Inmiddels zit ik nu al een uur in de hut en ik verveel me geen moment. Als de ijsvogel weg is zie ik opeens een klein vogeltje aan komen zwemmen. Ik denk eerst aan een jonge kuifeend, maar dan zie ik het: een dodaars. Het leukste watervogeltje van Nederland. Deze kleine futensoort zie ik niet heel vaak en heb hem ook nog niet goed kunnen fotograferen. Maar deze kleine pluizenbol werkt even goed mee en zwemt voor de hut langs.
Is het geen schatje?
Eén van de vele soorten, ik zie er zo wel circa twaalf als ik om me heen kijk, is de aalscholver. In de Lepelaarsplassen huist een behoorlijke kolonie. Er komen op dit moment steeds weer groepjes binnen vliegen vanuit de richting van het Markermeer. Misschien om hier bij te komen van de visvangst? De meesten zit ver weg op één van de eilandjes, maar een eigenwijs exemplaar kiest een tak voor de hut uit. En blijkbaar is de zondagochtend een prima moment voor vogels om je verenpak op orde te brengen. Ook hij begint zich uitgebreid te poetsen.

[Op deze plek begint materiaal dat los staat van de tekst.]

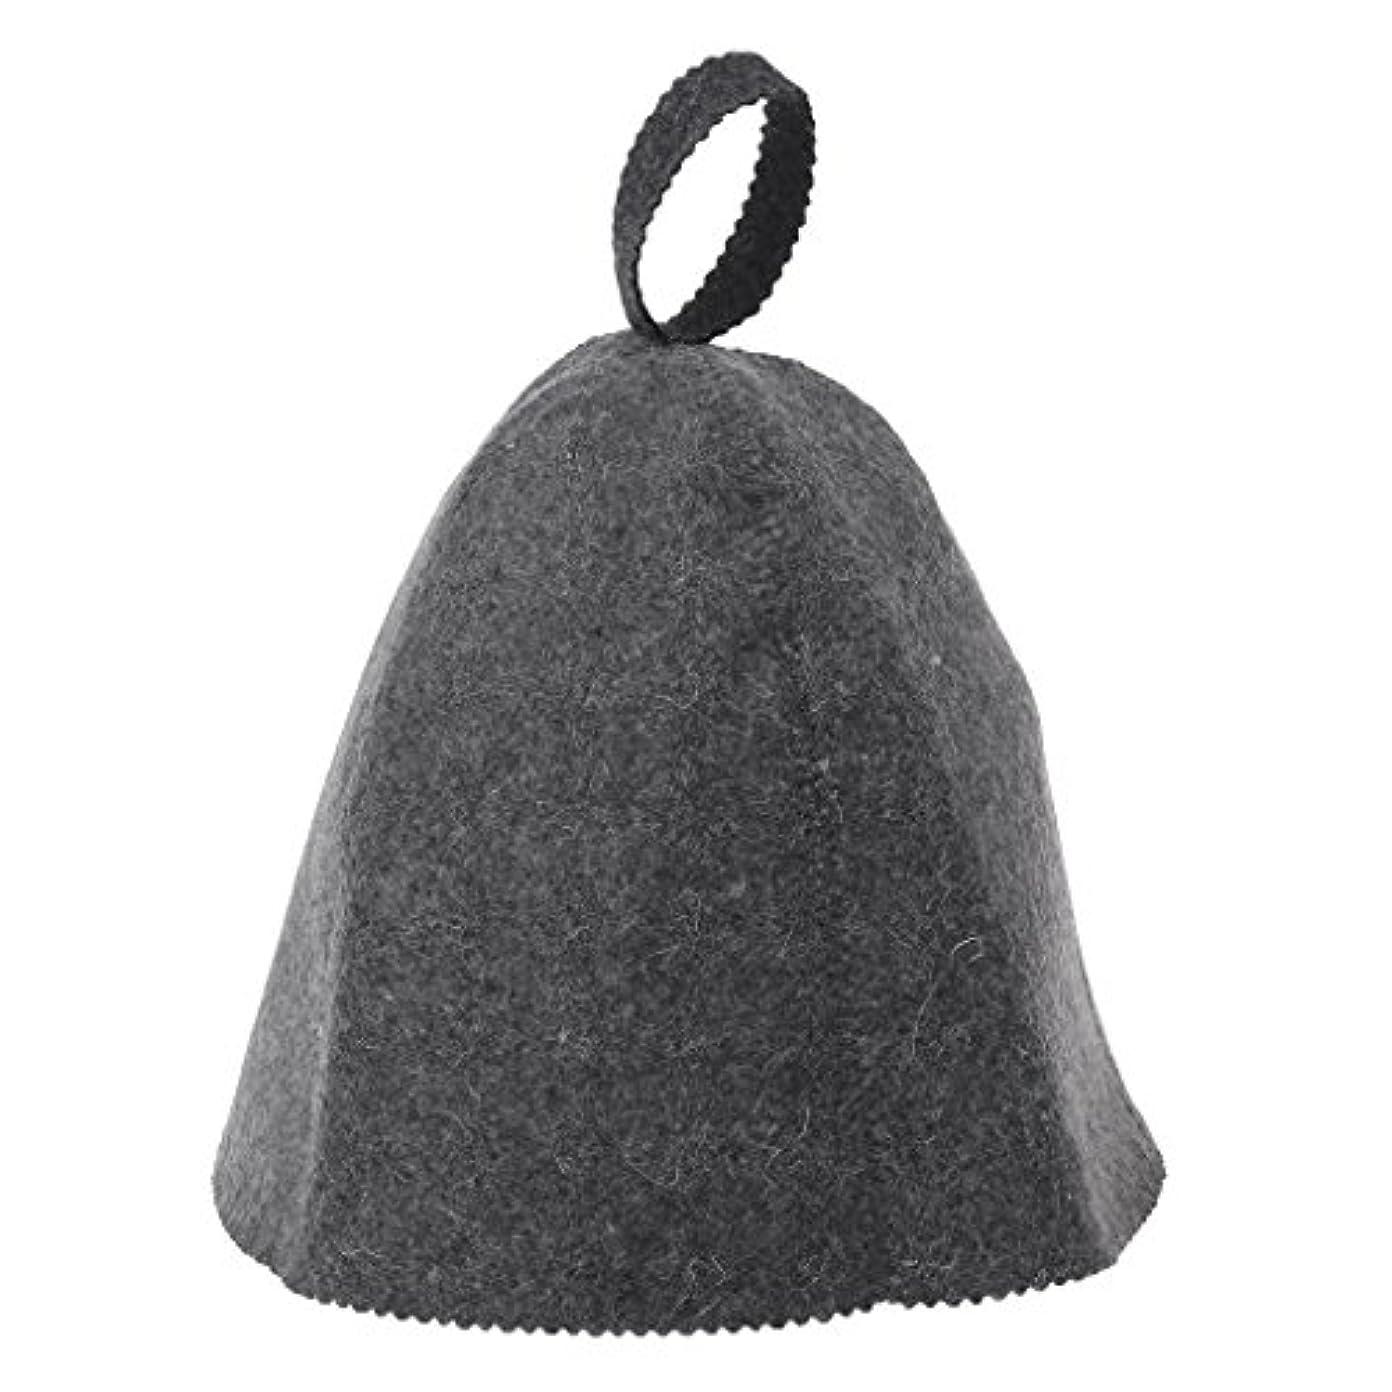 王女まつげ三番LANDUMのウールのフェルトのサウナの帽子、浴室の家の頭部の保護のための反熱ロシアのバニヤ帽子

Zoals je ziet is er genoeg te beleven en de tijd vliegt dan ook voorbij. Nog steeds hoop ik dat de ijsvogel terugkomt, maar de tijd dat ik weer op huis aan moet begint wel steeds dichterbij te komen. Maar of het nu geluk is of dat het zo moet zijn: vlak voordat ik weg wil gaan zie ik de bekende blauwe schicht over het donkere water schieten. Niet één keer, maar twee keer vlak na elkaar! Twee ijsvogeltjes zitten binnen fotografeerafstand op de takken. YESSSSSS! De eerste keer dat ik twee tegelijkertijd zie. Ik krijg ze helaas niet tegelijk in beeld, maar dat mag de pret niet drukken.

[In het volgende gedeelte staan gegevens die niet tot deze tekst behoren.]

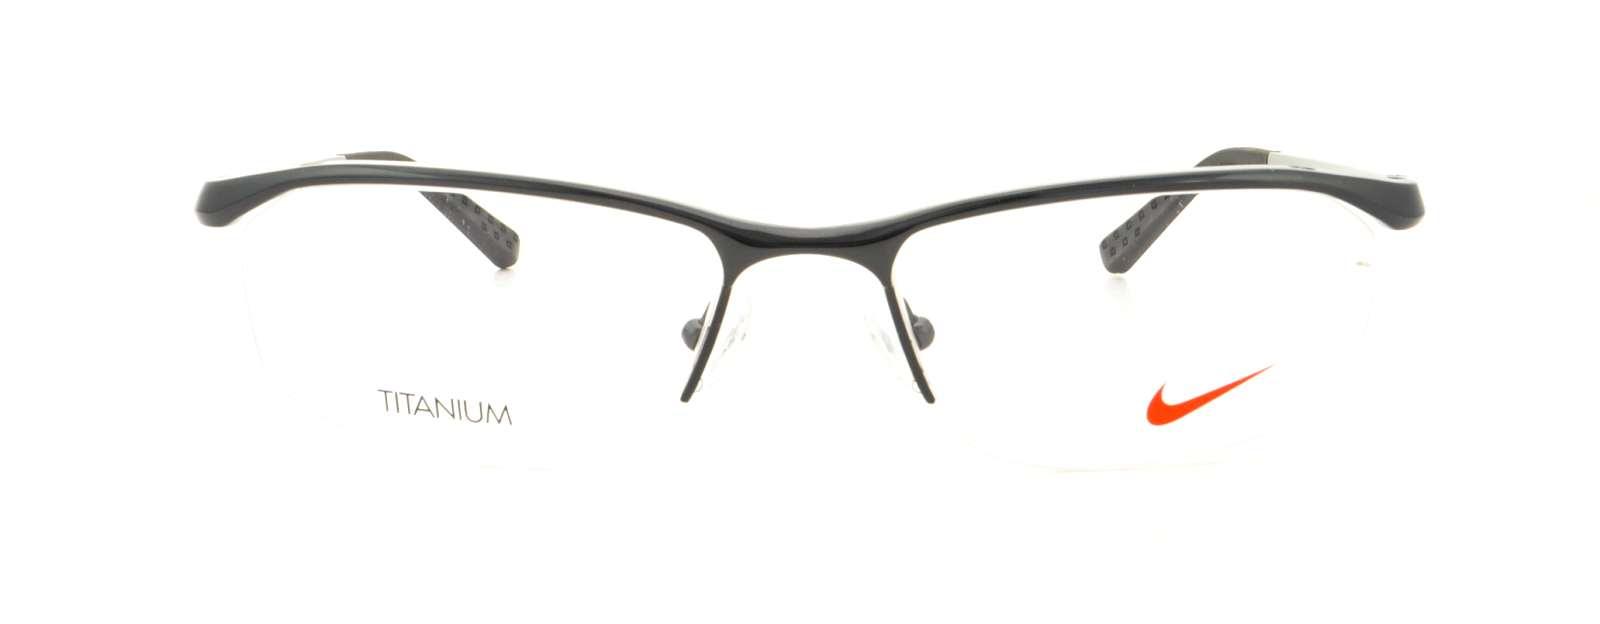 6a99fec622 Designer Frames Outlet. Nike 6037

Volgens mij zijn het twee jonkies. Dit is te zien aan de witte punt van de snavel en de geschubde borst. Bij de volwassen vogels is dat meer egaal heb ik mij laten vertellen.
Het heeft even geduurd, maar ik heb toch waar ik voor kwam. Ik ben er erg blij mee, want dit is de eerste keer in drie bezoekjes aan de hut dat ik zulke foto’s heb kunnen maken. Al met al heeft het in totaal zo’n tien uur gekost, maar het is het waard! En ik heb mij vandaag geen seconde verveelt door de vele andere soorten die er te zien zijn. Een topochtend dus!